Since he was adopted by O’Brien last year, Archie has enjoyed some of the spoils of life. Like many only children, he enjoys the complete attention of everyone around him. In fact, Archie also has an Instagram account and was invited to participate in the media day photos for the team. Archie, according to O’Brien, has become more comfortable with pushing boundaries and even acting out at times. 

“He was a lot better behaved,” O’Brien said. “Now, he’s a big barker.” 

Photos provided by Ohio Athletics (Nina Molnar)

Archie has arguably been one of the most consistent members of the team over the last two years. He sits in the stands for every home game, rain or shine. Sometimes when it is hot or sunny, Archie can be found under an umbrella and resting on a blanket at the top of the bleachers, enjoying the lush life that many only imagine living. 

O’Brien is in an unusual position as a student, athlete and pet owner. Normally, having just two of those things are enough to drive one crazy, but O’Brien balances it all. That balance does not come without some struggles and challenges, though. 

“The hardest thing I ever did was the first time I ever had to drop him off when we were traveling,” O’Brien said. “I was crying. It felt like dropping my kid off at school. It was so weird.”

The responsibility to take care of another living thing does not just extend to what O’Brien does, but the trust she has for Archie. She is at a point where she knows that she can leave him alone at home while she is at practice or class and be confident that he will be ok with her there. She does admit, though, it helps considerably that “he sleeps pretty much all day” and that his short legs make it virtually impossible for him to reach things on the counter. 

O’Brien understands the fact that she has learned a lot about life by having another living thing that relies on her. 

“I’ve learned … I need to go let Archie out and then I can go (do social things),” O’Brien said. “The responsibility of knowing that I have a priority and a living thing at home that I have to take care of.” 

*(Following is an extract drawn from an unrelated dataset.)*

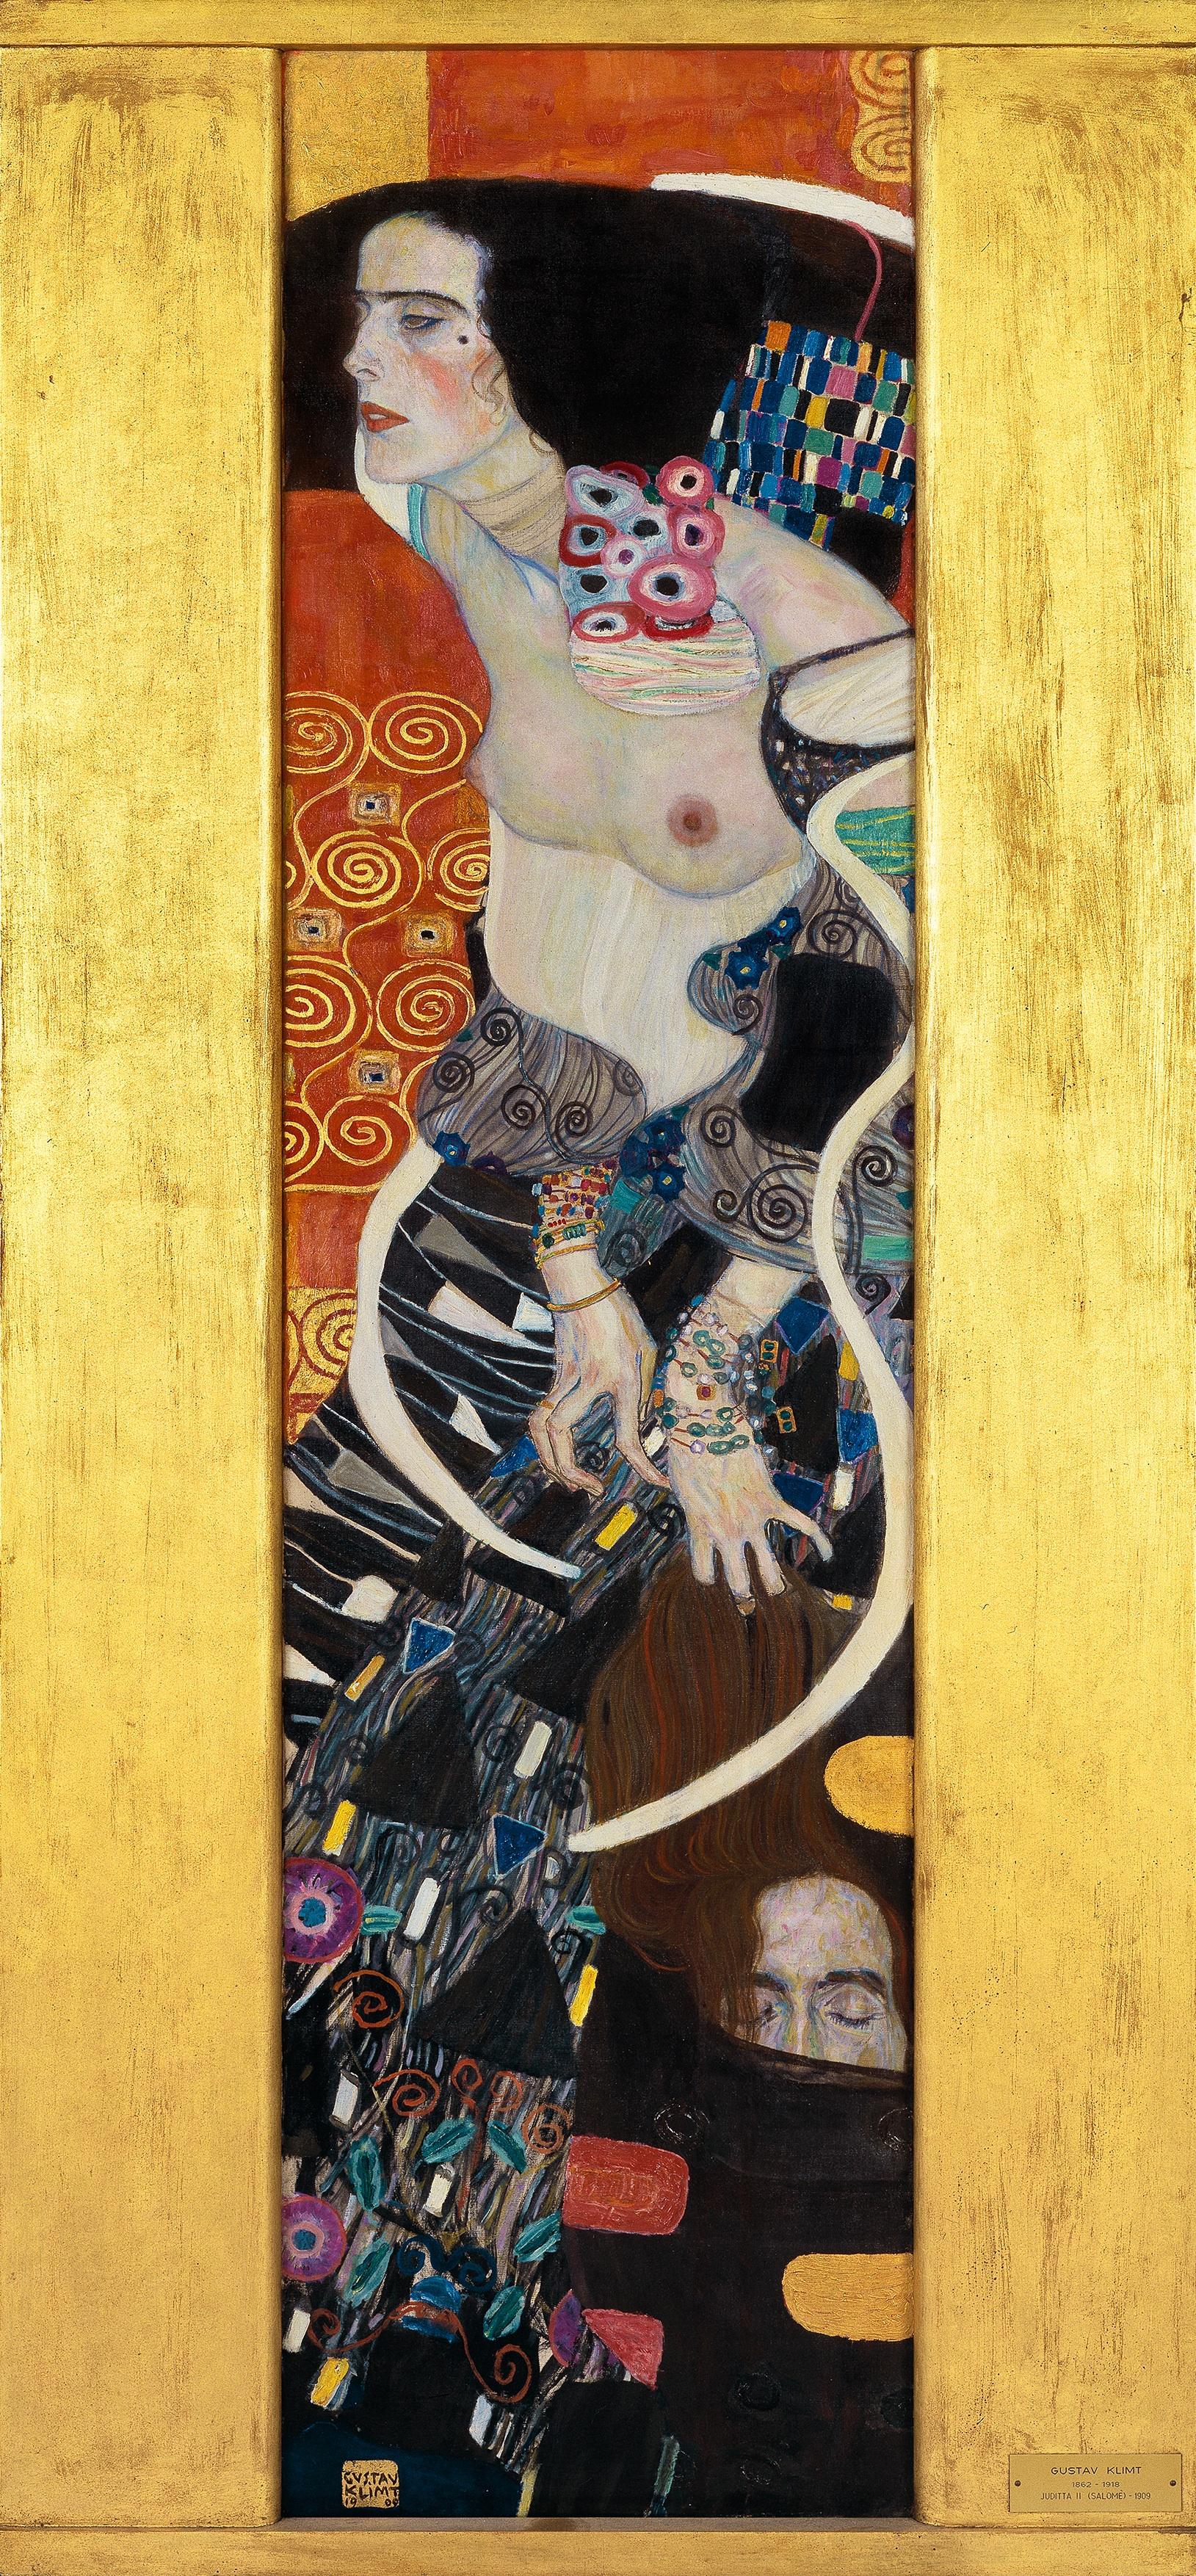 File:Gustav Klimt, Judith II.jpg - Wikimedia Commons

That sense of enhanced responsibility is something that can be seen in her play on the field. This season, she has increased her batting average by nearly 40 points, moving to the top of the lineup for Ohio. O’Brien has noticed that, statistical improvements notwithstanding, she has put more pressure on herself while she understands the context of the game. 

“One thing that I’ve noticed is I put a lot of pressure on myself at the beginning of the game to get on base and show my teammates that we are going to be able to hit this girl,” O’Brien said. “I feel like when I get a leadoff hit, it is a sign saying ‘We’re going to hit this girl …’ I started to realize that the first at-bat is not the whole game. It’s a marathon, not a sprint.” 

O’Brien has refined her approach and has hit .343 since the beginning of MAC play. Additionally, O’Brien has nearly surpassed her number of RBI (8) from last season in just 26 games. Some of the improvements can be traced to her moving up in the order, but others are due to her mental improvements. 

“I have done a good job of focusing on what I can do and what I’m good at,” O’Brien said. “Sometimes, I get a little bit out of my realm, but I reel myself back in.” 

Softball Media ©Nina Molnar Bobcat Athletics 2024

After every single home game for Ohio, O’Brien knows exactly where to look for her best friend on four legs. Usually, Archie will come to her and greet her with an excited yip. O’Brien will pick up Archie, take hold of his leash and parade him around the field, much to the joy of the other members of the team. When all of the fanfare is over for the two-year-old pup, O’Brien plucks Archie off the ground and cradles him in her arms as she walks away from the field. After all, it is just the two of them finding their way in this world.